During the stent deployment process, the coating and stent is inevitably expanded and sheared by the flow of body fluid. Then, one important question is whether the PPBMA coating on vascular prosthesis could endure the shear stress during the stent deployment. The weakly adhered coating, if detached from the intravascular stent, would enter into the blood and induce many diseases. From Fig. 9 ex vivo expansion experiment of the plasma PPBMA-coated stent, it is clear that the adhesion strength between the PPBMA coating and stent was sufficient to endure the shear stress in the stent expansion. The ultra-thin-film deposition and good adhesion to substrate are inherent advantages of the plasma polymer, which may contribute to the good adherence of the PPBMA coating.
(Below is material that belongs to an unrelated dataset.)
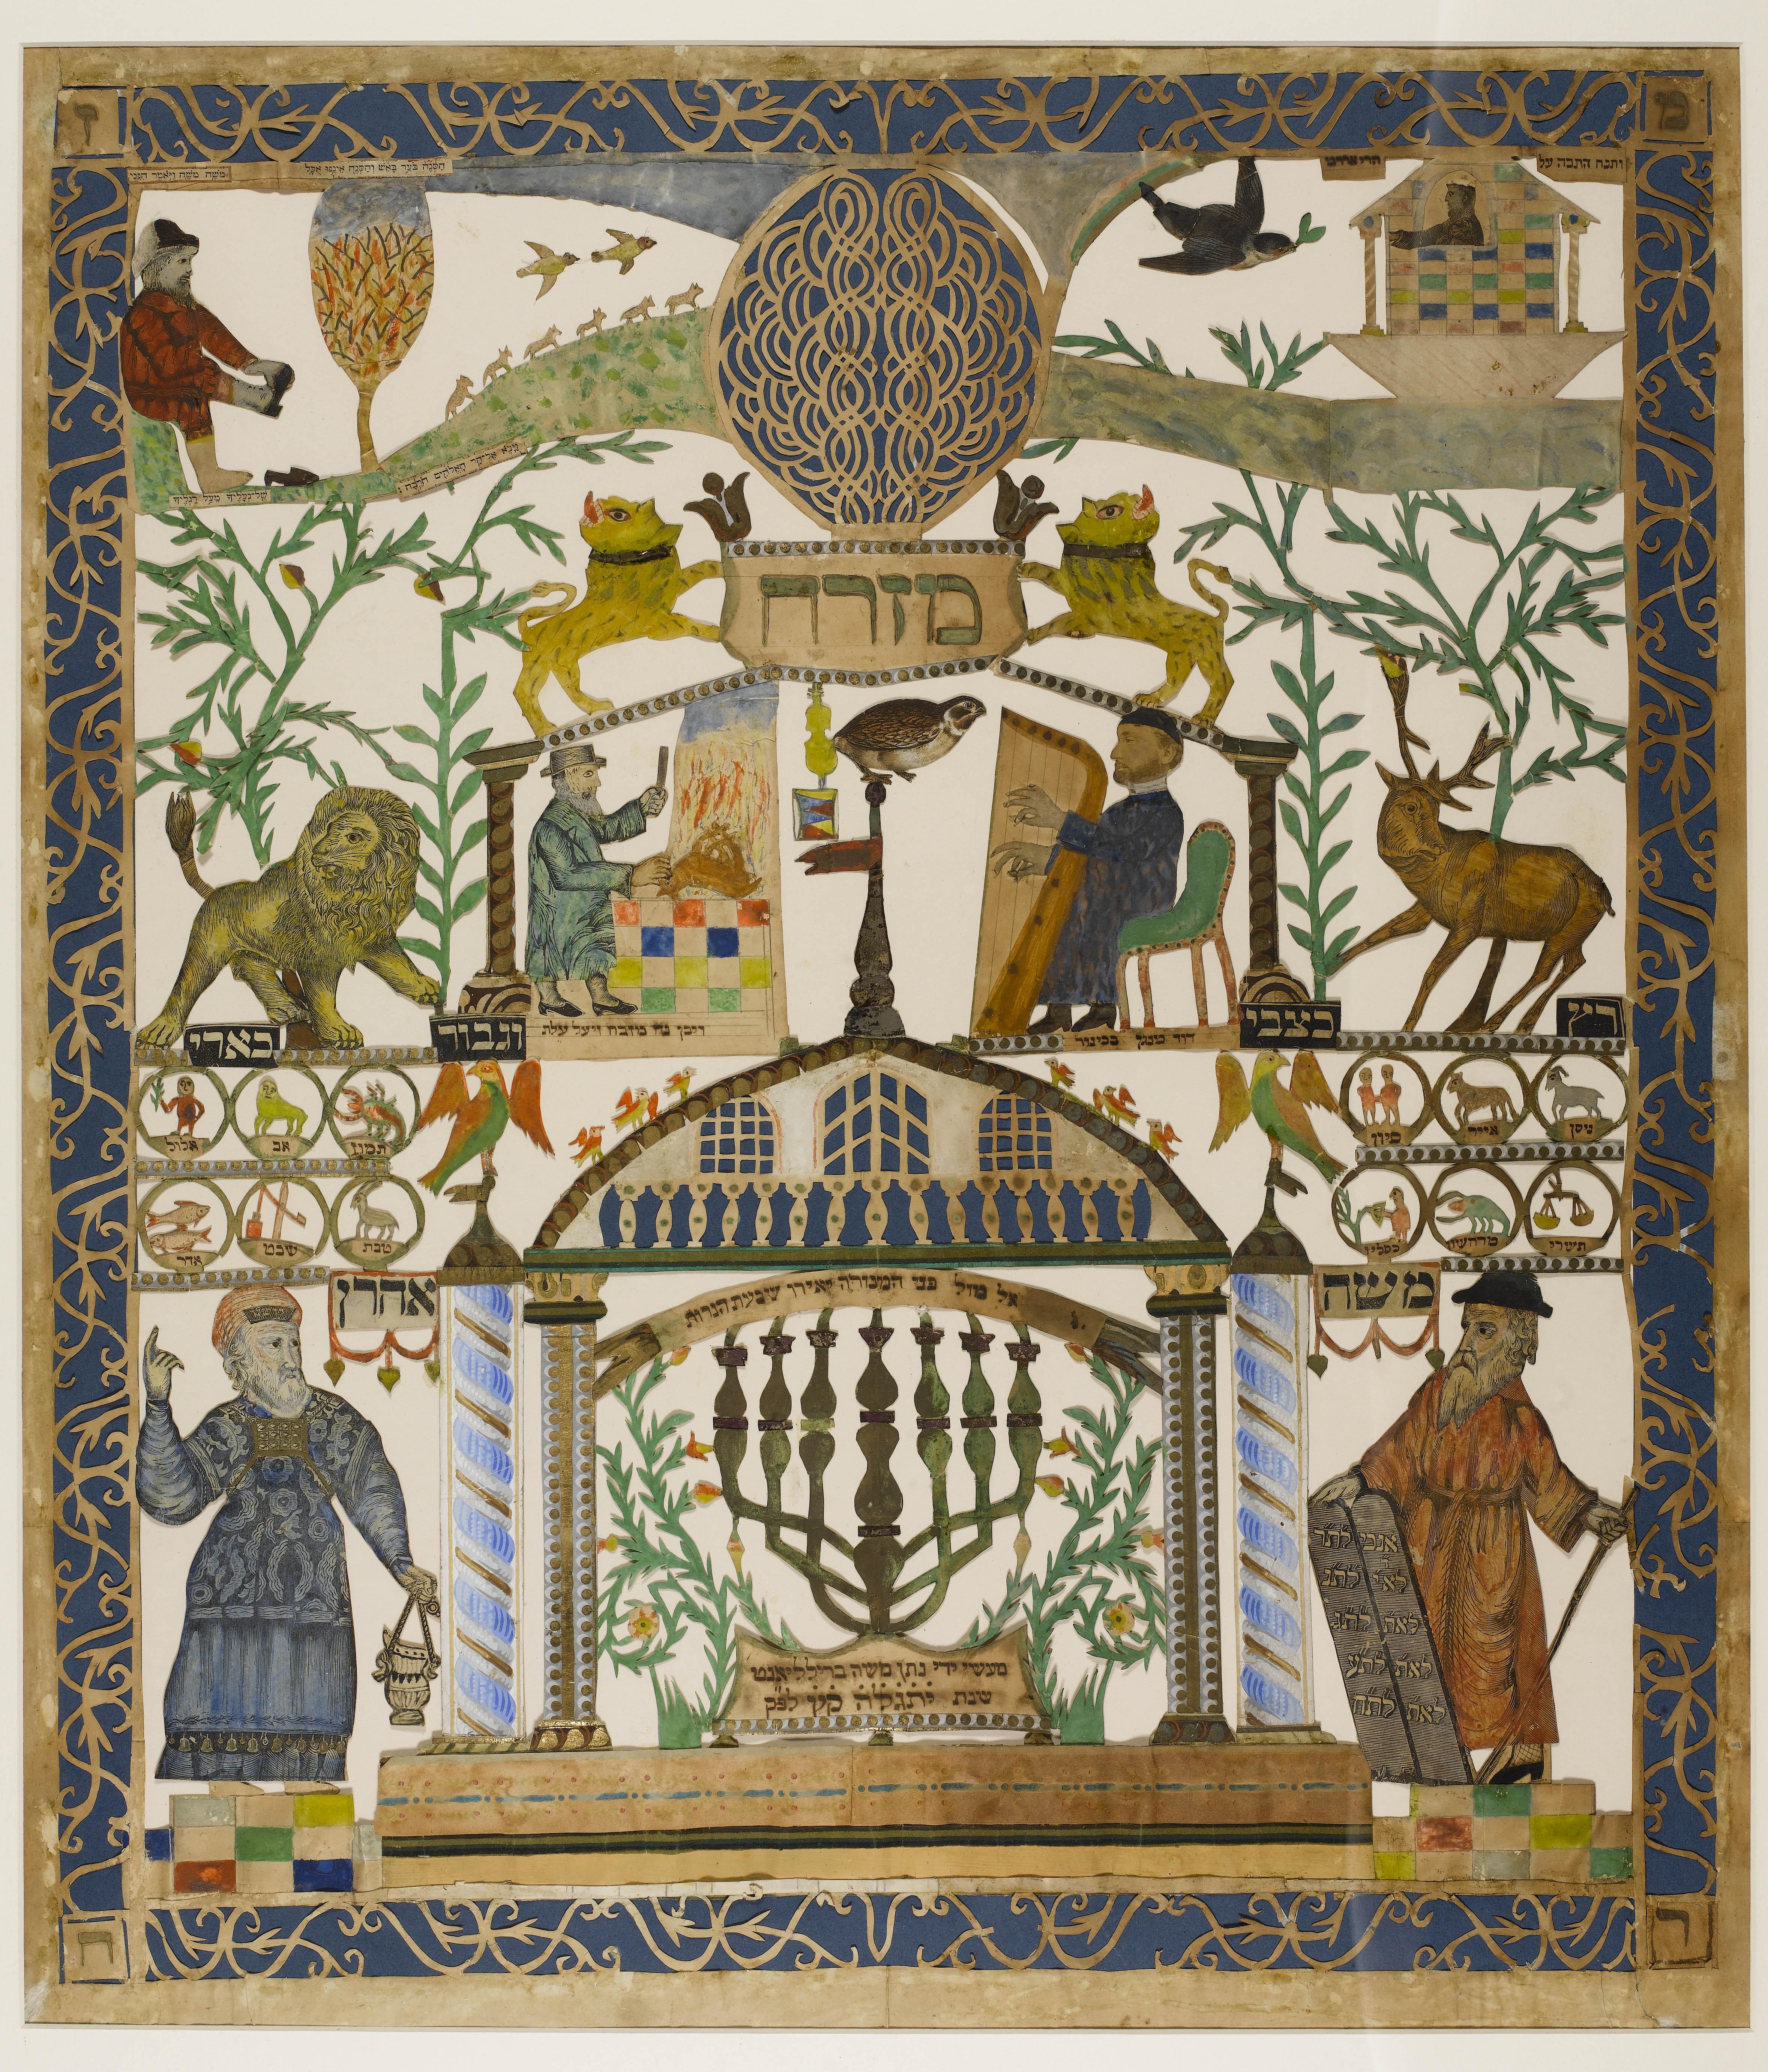 Moïse et le judaïsme: sources antiques et diffusion

We can show that the metallic stent surface, which normally does not allow good growth of endothelial cells, does so after PPBMA deposition. Also, the PPBMA coating does not decrease the blood-compatibility of the prosthesis. Rather, a significant decrease in platelets aggregation is observed. Moreover, the PPBMA coating can also withstand the shear stress in the stent expansion. Ongoing research about in vivo re-endothelialization potential of this PPBMA-coated stents is underway in our group. These preliminary results are convincing, which might open new possibilities for the use of PPBMA in cardiovascular stent surface modification, since plasma PPBMA deposition prior to implantation is an easy, cost-effective and substrate-dependent way to improve cardiovascular implants. Additionally, our data imply that the field of vascular tissue engineering might benefit, by improving the interaction between endothelial cells and biomaterials.

5 Conclusion

To realize the rapid re-endothelialization of intravascular stent devices after implantation, a poly n-butyl methacrylate coating was deposited through a radio-frequency plasma polymerization process in the present study. Oxygen was applied as a carrier gas to modulate the coating properties. The deposited PPBMA coating maintained a high hydrophilicity even after 4 days of exposure, as well as smooth and dense coverage. Compared with that on the uncoated 316L stainless steel, the attachment and proliferation of the endothelial cells on the PPBMA-coated were significantly increased and the platelet adhesion was also reduced, implying that the deposited PPBMA coating could simultaneously promote formation of a confluent endothelial cell layer and prevent thrombus formation. In addition, after expansion, the PPBMA coating still remained on the stent. Thereby, it is concluded that surface modification by this method appeared to be a promising strategy for in situ rapid re-endothelialization of vascular devices.